Wednesday, February 3, 2010

Color Explosion at The Huntington

I ventured to The Huntington to see their soon-to-close exhibit The Color Explosion: Nineteenth-Century American Lithography from the Jay T. Last Collection. It’s about how the newly created printing process impacted communications and popular culture, which happen to be two of my favorite things to think about. As I learned, earlier printing methods required cutting of metal or carving into wood, where lithography utilizes a chemical process to create the image. Add the relative ease of printing with color – as opposed to black on white and hand painting each image – and now the explosion part really makes sense.

Note that “modern” advertising and branding techniques dovetail nicely with the rise of lithography, and you’ll look at the examples in a whole new light. It was cool to view the sheet music, maps, children’s books and games, advertising posters, cigar box labels, promotional calendars and seed catalog art through that lens.

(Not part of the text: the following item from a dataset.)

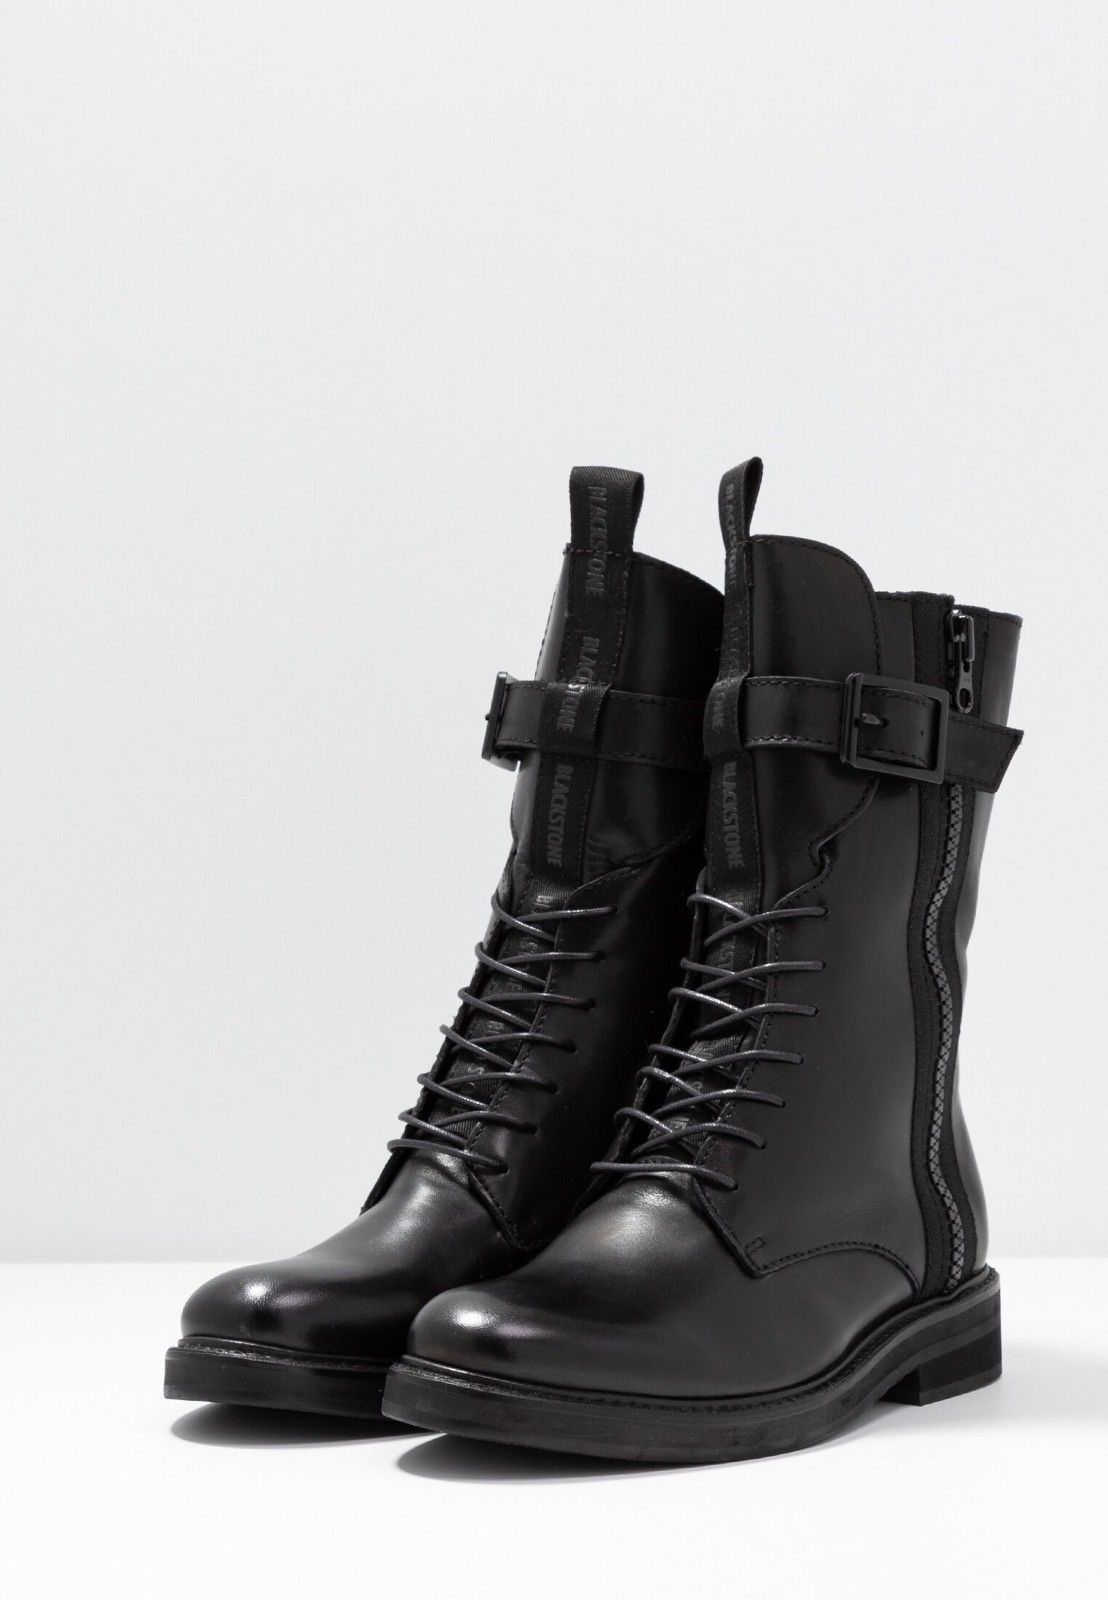 Blackstone sko str. 37 | FINN.no

Knowing that the lithographic process made it possible to produce these objects and get them out to the masses, the advertising philosophy is really kicking in. Go see for yourself!

Afterwards while walking to the café, I saw this burst of vibrant poppies, and that became my second color explosion! Oh, and the freesia was wafting its intoxicating scent, and the camellias were blooming with their varying hues. Awesome visit, as brain, eyes, and nose were all engaged!

The Color Explosion exhibit closes February 22; I can’t vouch for how long the poppies, freesia or camellias will last!